A closer look at the eye

Researchers at the University of Rochester Medical Center have developed a new imaging technique that could revolutionize how eye health and disease are assessed. The group is first to be able to make out individual cells at the back of the eye that are implicated in vision loss in diseases like glaucoma. They hope their new technique could prevent vision loss via earlier diagnosis and treatment for these diseases.
In a study Ethan A. Rossi, Ph.D., assistant professor of Ophthalmology at the University of Pittsburgh School of Medicine, describes a new method to non-invasively image the human retina. The group, led by David Williams, Ph.D., Dean for Research in Arts, Sciences, and Engineering and the William G. Allyn Chair for Medical Optics at the University of Rochester, was able to distinguish individual retinal ganglion cells (RGCs), which bear most of the responsibility of relaying visual information to the brain.
There has been a longstanding interest in imaging RGCs because their death causes vision loss in glaucoma, the second leading cause of acquired blindness worldwide. Despite great efforts, no one has successfully captured images of individual human RGCs, in part because they are nearly perfectly transparent.
This new approach might eventually allow us to detect the loss of single ganglion cells. The sooner we can catch the loss, the better our chances of halting disease and preventing vision loss.

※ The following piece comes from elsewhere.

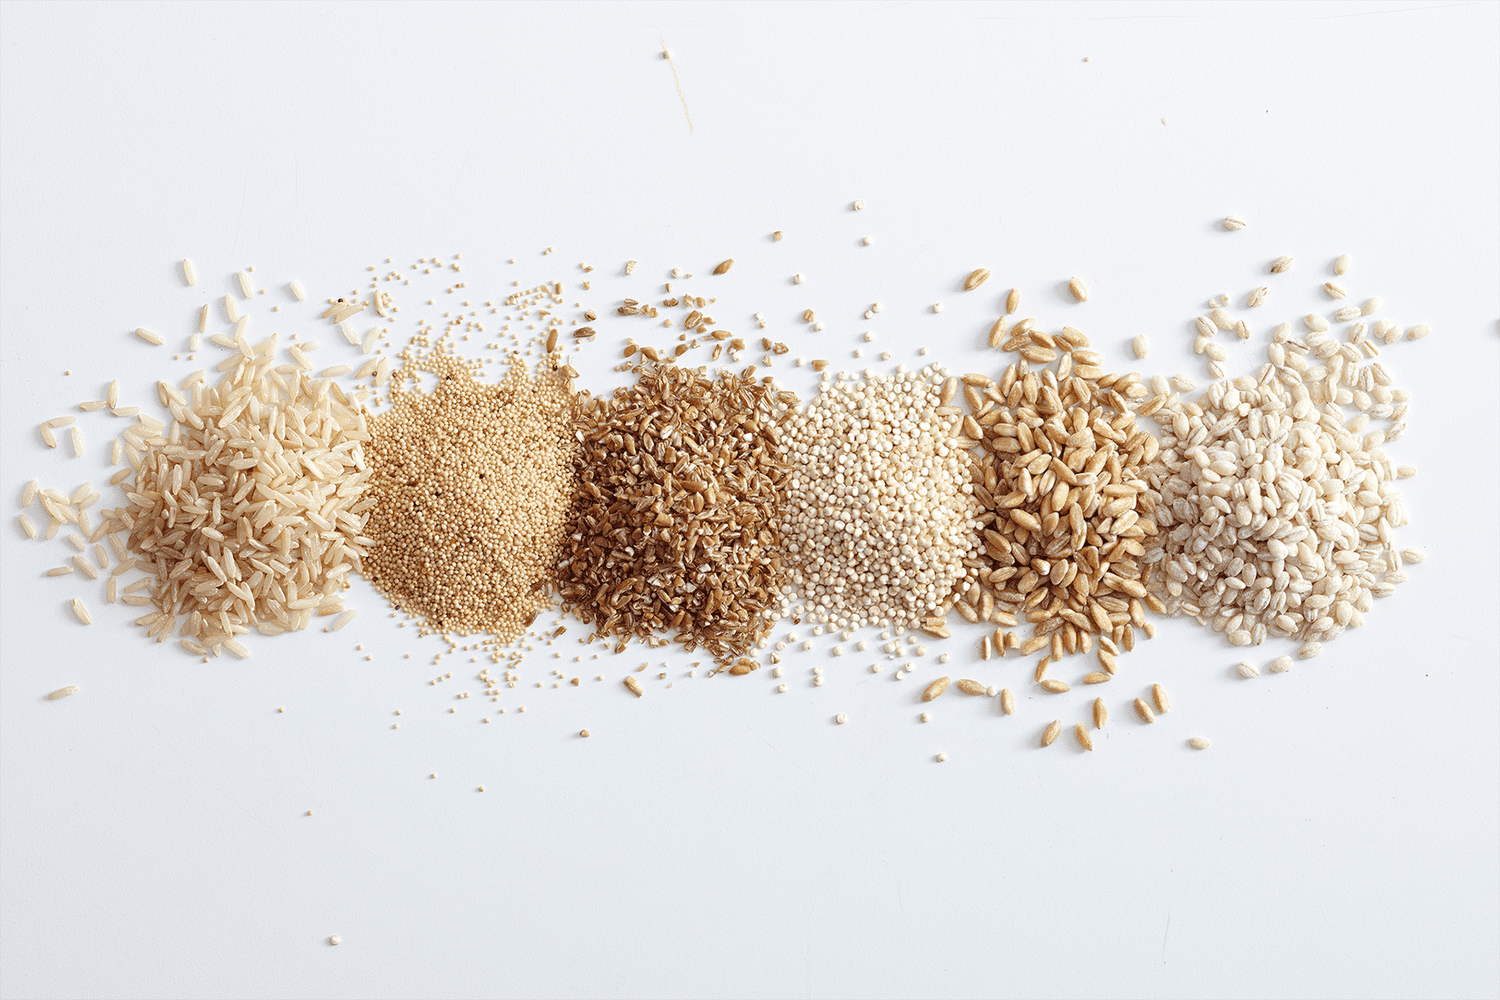 six piles of whole grains and rices side by side on a white background

Instead of imaging RGCs directly, glaucoma is currently diagnosed by assessing the thickness of the nerve fibres projecting from the RGCs to the brain. However, by the time a change is typically detected in the retinal nerve fibre thickness, a patient may have lost tens of thousands of RGCs or more.
“In principle, this new approach might eventually allow us to detect the loss of single ganglion cells,” said Williams. “The sooner we can catch the loss, the better our chances of halting disease and preventing vision loss.”
Rossi and his colleagues were able to see RGCs by modifying an existing technology – confocal adaptive optics scanning light ophthalmoscopy (AOSLO).  They collected multiple images, varying the size and location of the detector they used to gather light scattered out of the retina for each image, and then combined those images. The technique, called multi-offset detection, was performed at the University of Rochester Medical Center in animals as well as volunteers with normal vision and patients with age-related macular degeneration.